Macri raises hopes for Argentina’s economic renewal
Premier signals intent to reintegrate with trip to Davos and readiness to address disputes
As Mauricio Macri becomes the first Argentine president in more than a decade to join the global financial elite in Davos, he is also hoping to break from the past by turning Argentina into a rare bright spot in emerging markets.
With a cloud hanging over most emerging economies after a collapse in commodity prices, it could hardly be a tougher moment for the former mayor of Buenos Aires to engineer a turnround in Argentina’s fortunes. But many investors are brimming with optimism for Latin America’s third-largest economy, as Mr Macri leads a drive to normalise relations with the international community following his election victory in December.
A planned meeting in Davos between Mr Macri and the UK’s David Cameron could pave the way for an agreement over the long-disputed Falkland Islands in the south Atlantic, after frequent clashes between the UK and Cristina Fernández de Kirchner, Mr Macri’s fiery predecessor.
Argentina’s new centre-right government is expected soon to announce a $5bn loan from a group of international banks led by JPMorgan and HSBC to boost central bank reserves depleted by the previous leftist administration.
“Macri has hit the ground running,” says Edward Glossop, an economist at London-based Capital Economics.
But although the new market-friendly administration has made a “strong start”, including awell-received devaluation, Mr Glossop warns that serious challenges lie ahead.
They include tackling inflation of about 30 per cent, a fiscal deficit of almost 8 per cent and a decade-long legal dispute with “holdout” creditors in the US that are blocking Argentina’s access to international capital markets.
In an effort to end the debt saga, Argentina will make a proposal to the group of hedge funds led by Paul Singer, a US billionaire, by next week, say government officials. The approach is sooner than many analysts had expected and could open the door to economic normality for Argentina.
But gaining support for a deal with the holdouts, or “vultures” as they are known in Argentina, in the opposition-dominated congress is key.

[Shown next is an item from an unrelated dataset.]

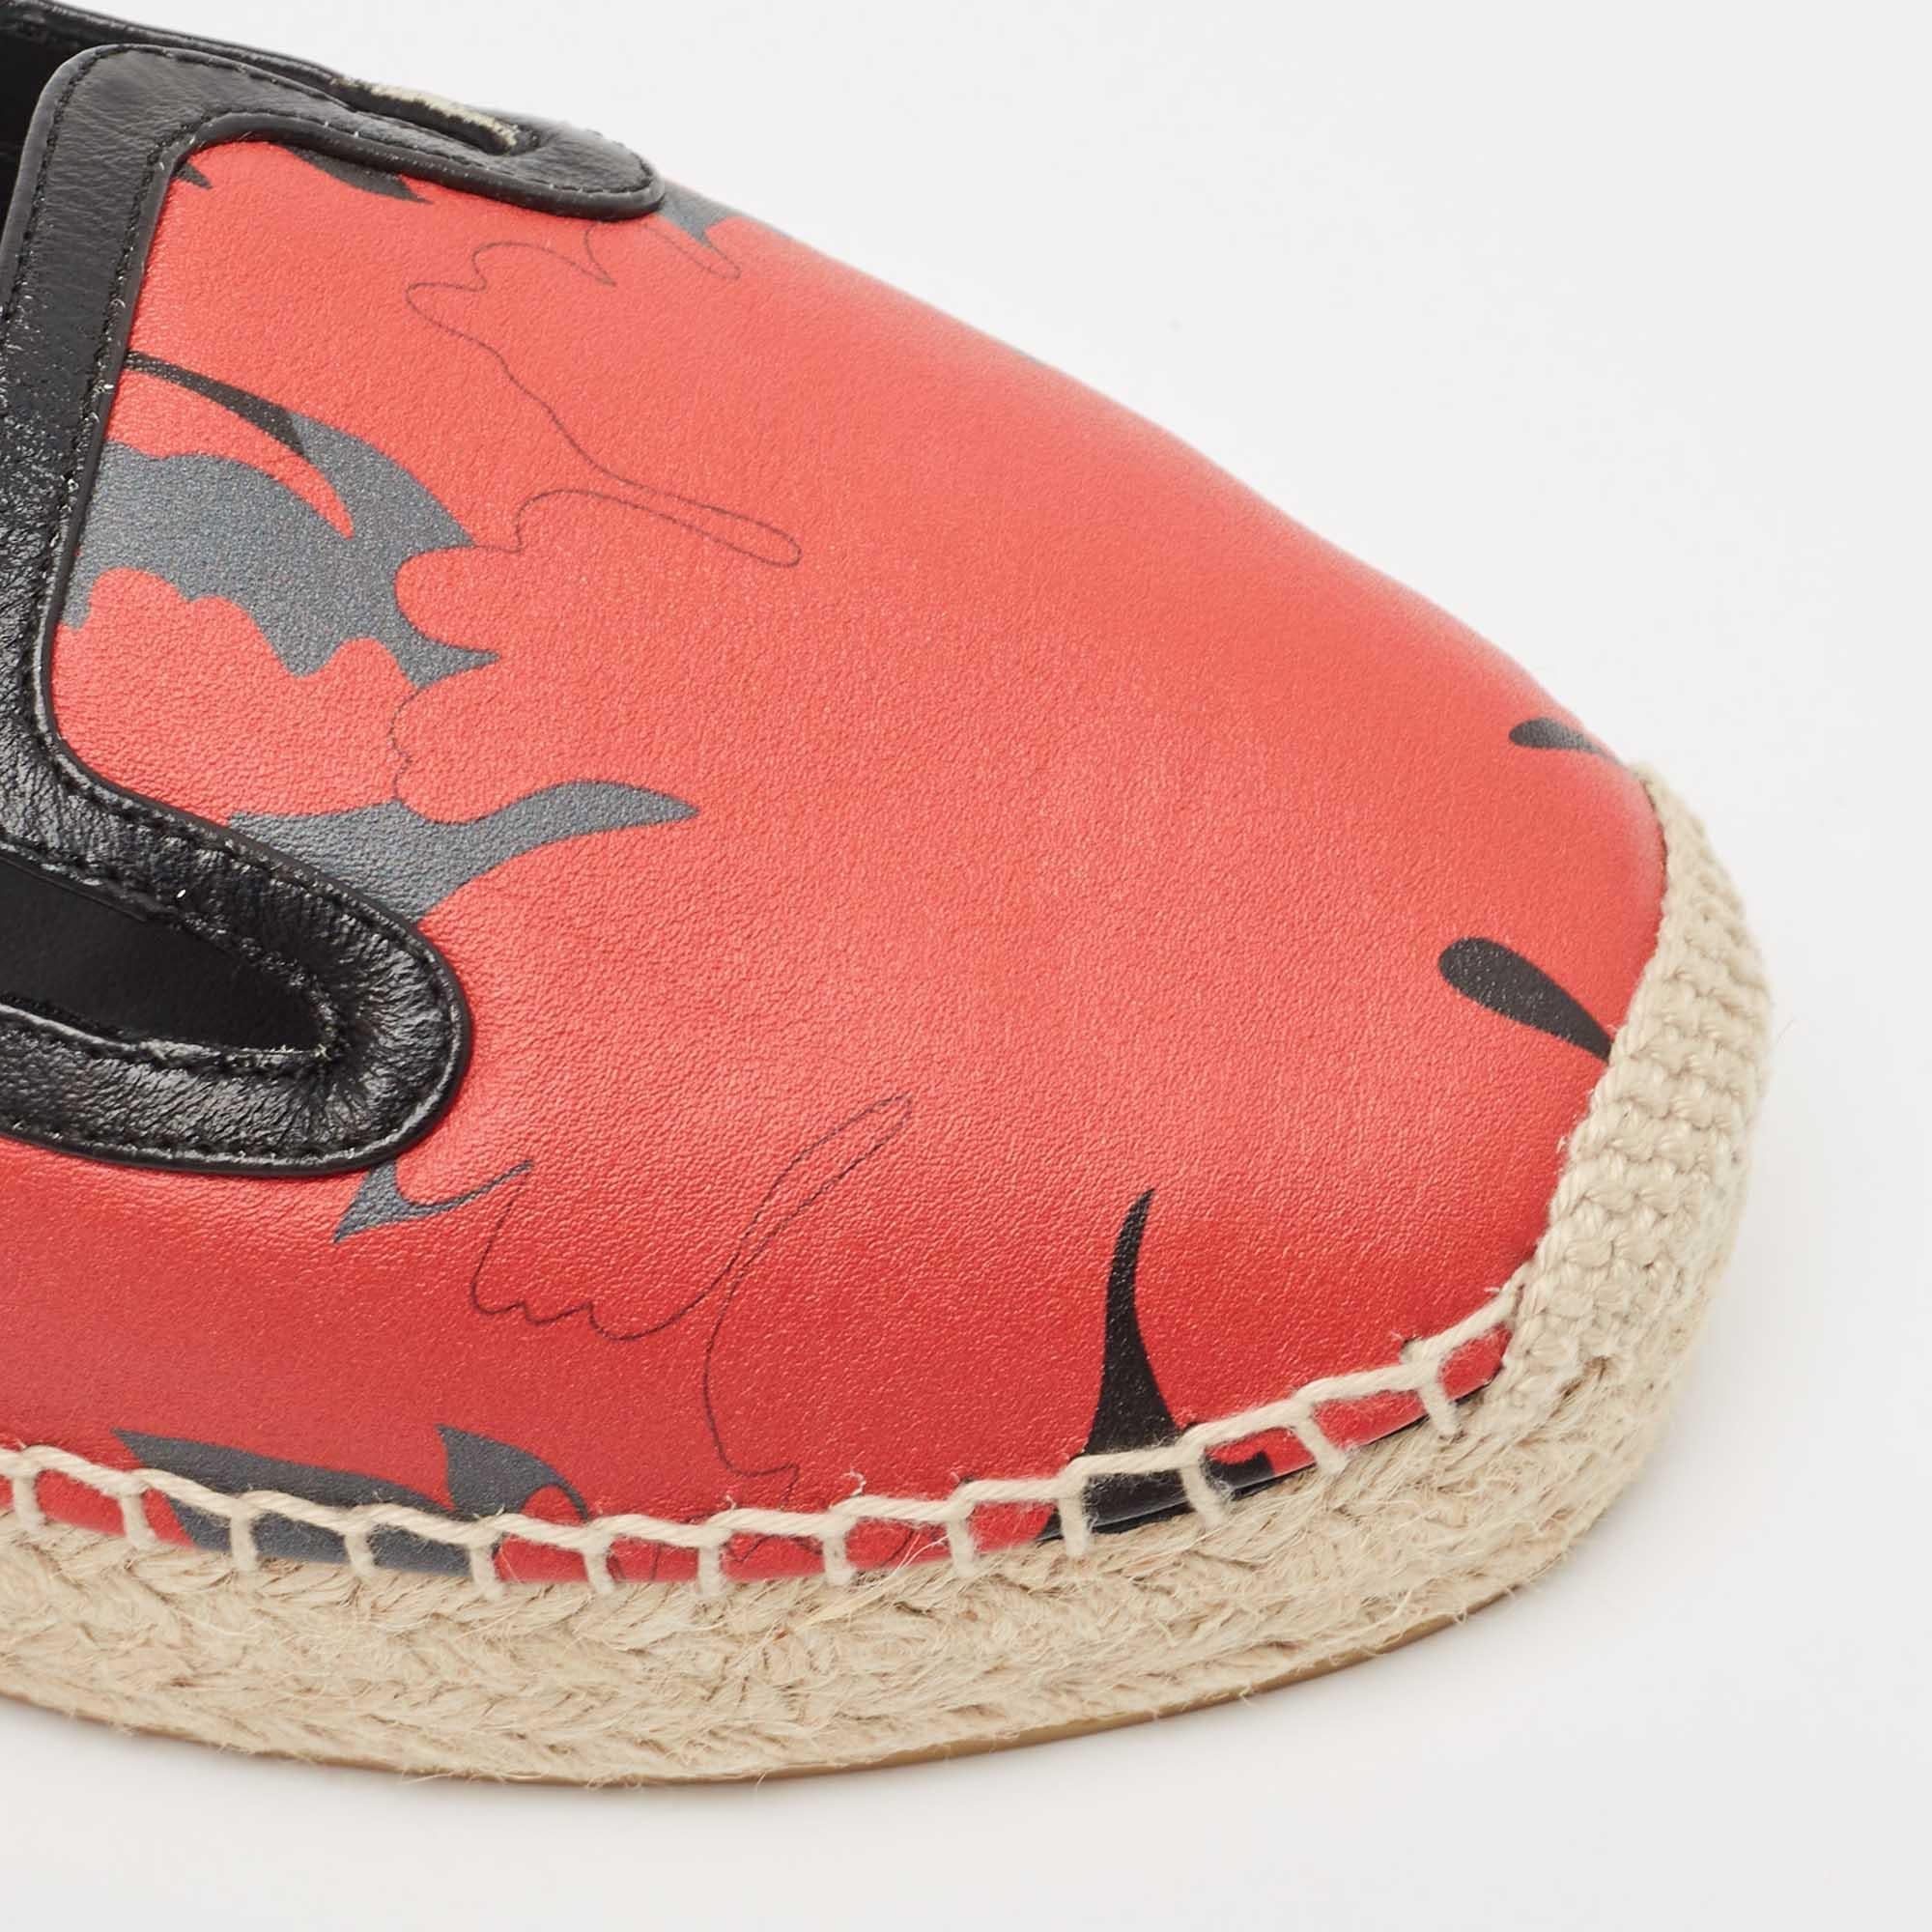 Alexander McQueen Tricolor Leather Espadrille Flats Size 40 2

Even so, the fact that Sergio Massa, an influential opposition leader, has accepted Mr Macri’s invitation to accompany him to Davos is an encouraging sign, say analysts.
On tackling the economic challenges, Alfonso Prat-Gay, finance minister, last week announced plans to shave one percentage point off the primary fiscal deficit and bring inflation down to between 20 and 25 per cent, a target economists at Bank of America Merrill Lynch described as “very ambitious”.
The 30 per cent devaluation of the Argentine peso, shortly after Mr Macri took power, removed stringent capital controls in put place by Ms Fernández de Kirchner in 2011 but fuelled inflation fears even though economists at Barclays described the move as “perfectly orchestrated”.
Moreover, measuring inflation — an important step to regaining investors’ trust — remains difficult until Indec, the national statistics institute, launches a new consumer price index, expected in September, to replace the widely discredited previous measure.
The decision by the country’s central bank last week to introduce 200 and 500 pesos bills, with a 1,000 peso bill to follow in 2017, illustrates how steeply prices have climbed in recent years.
But for Alejo Costa, head of research at Puente, a local investment bank, the most challenging issue is the fiscal deficit. “How to decrease it while dealing with the highest fiscal pressure in history will be the most complex challenge,” he says.
Without fixing the fiscal deficit, which is seen as the root cause of periodic economic crises over the past half century, it will be hard to fix inflation and to return to growth, says Mr Costa.
For Mr Macri’s his trip to Davos, where he is scheduled to hold wall-to-wall meetings with heads of state and corporate leaders from around the world, will prove a welcome distraction from the challenges at home.